Sri Lanka reaching new horizons
Sunil Karunanayake
The recently released Central bank Annual report records that Sri
Lanka’s economy grew by an impressive eight percent in 2010
demonstrating a steady recovery from the setbacks of 2008 and 2009 thus
moving the economy to a high and sustainable growth path.
The peaceful conditions in the country in the aftermath of the ending
of the three-decade old conflict has dawned a peaceful era resulting in
improved investor confidence, favourable macroeconomic conditions and
the recovery from the global recession.
![](z_pxvi-Sri-Lanka.jpg) |
Post war recovery also resulted in the
Colombo Stock Exchange emerging as one of the best
performing markets in the world |
The above said positive developments paved the way investor appetite
and post war recovery also resulted in the Colombo Stock Exchange
emerging as one of the best performing market in the world.
This undoubtedly was a boon to the capital starved business community
and many new entrepreneurs seized the opportunity to attract low cost
capital for expansion.
The expansion of stock market activity has also attracted quite a few
new stock brokers. Capital market activity has certainly matured to an
impressive level.
However yet the funding for long term financing seem to be an issue
with the reluctance of the Banking sector and one hopes the Bond market
will be a reality soon to provide strength to the economy.
On record it could be said that recent IPOs have been a tremendous
success with heavy oversubscription thus providing new impetus to
capital starved companies to move ahead with adequate capital lowering
finance costs.
This is the right direction for Sri Lanka with more wealth and
employment created.
Within this environment it is necessary to examine to what extent has
the share owning democracy been achieved in Sri Lanka.
Most IPOs were oversubscribed by over 300 percent thus giving a
indication to the man on the street that share ownership is getting a
rightful broad base.
However it’s disturbing to note that large numbers of small investors
were unable to obtain not more than 100 shares with large investors
using bank guarantees ensure large stakes for themselves.
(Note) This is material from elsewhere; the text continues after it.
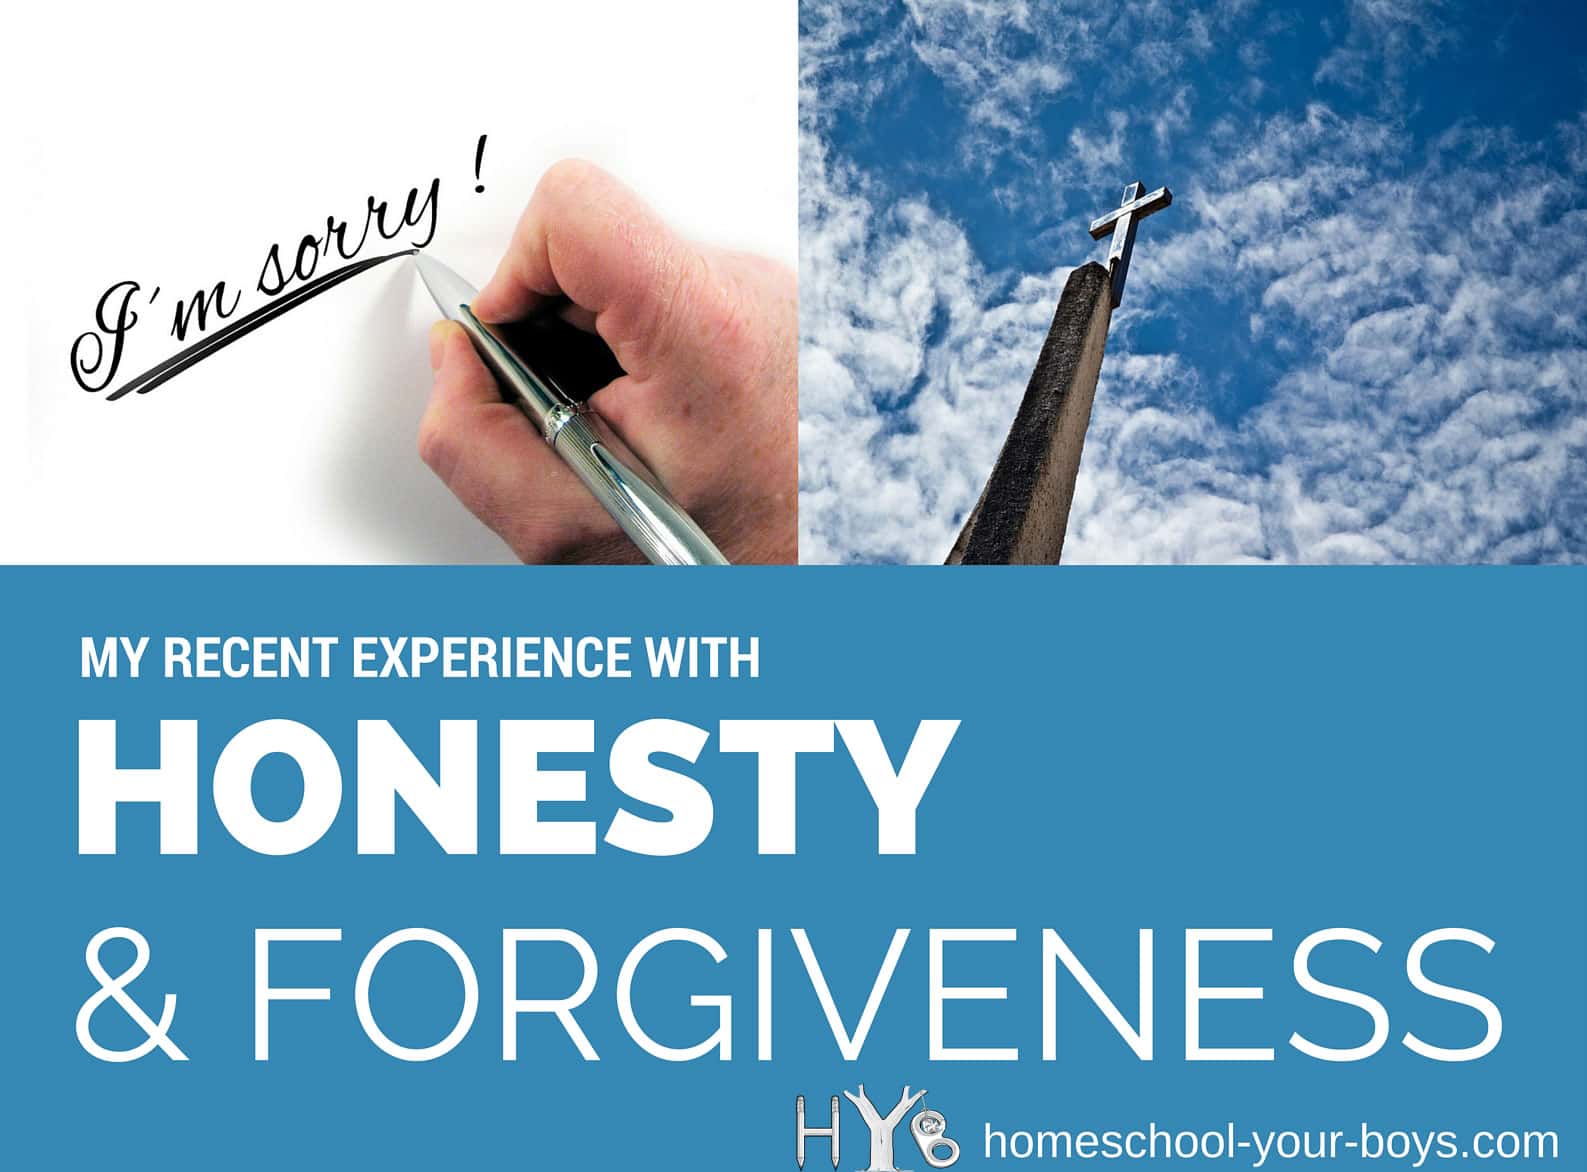 My recent experience with honesty and forgiveness

Lately it was clearly established that it was this activity that
paved the way for heavy oversubscription without any payments being
made.
The public appreciates the many right thinking citizens who made
representations and the swift manner in which the Securities and
Exchange Commission moved as they did in enforcing price bands
preventing any calamity like what Bangladesh experienced.
SEC press release on March 10 detailed the new rules effective from
March 15 giving due recognition to the retail investors by allocating a
minimum of 40 percent to be available to the retail investors for
allotment and a minimum 10 percent to be available to unit trusts. This
is a very welcome move to provide more access to smaller investors to
develop a true share owning democracy a concept of former British Prime
Minister Magaret Thatcher.
The decline in Bank interest rates have drastically affected retirees
and pensioners driving them to misery in their old age where they have
to meet significant amounts of money to meet healthcare needs leaving
apart other life’s needs such as children’s higher education and
marriage.
With an increasingly ageing population Sri Lanka is bound to run into
many issues with increasing poverty of an different class.
It is a well-known fact that the aged may prefer to keep their eager
cash resources in most liquid form and also contributing to accumulation
of non performing loans.
The Securities Exchange commission intervention to allocate 40
percent to retail investors for retirees who continued to suffer due to
limitation of opportunities to seek a reasonable income will be
immensely benefitted by this move.
In the absence of income options aged pensioners could become a
burden to the dependents as well as to the State. “A well functioning
capital market as a supplement to the banking sector will strengthen the
financial system through the diversification of credit and investment
risk.
The development of the domestic capital market is another priority.
The size and liquidity of the stock market has to be increased with the
listing of new companies and public sector enterprises.
There is also the need for the implementation of comprehensive public
float rules and margining requirements to enhance liquidity and reduce
credit risks.
The development of the corporate bond market is necessary in order to
meet long term financial needs of the corporate sector, particularly in
respect of infrastructure and other long term investments.”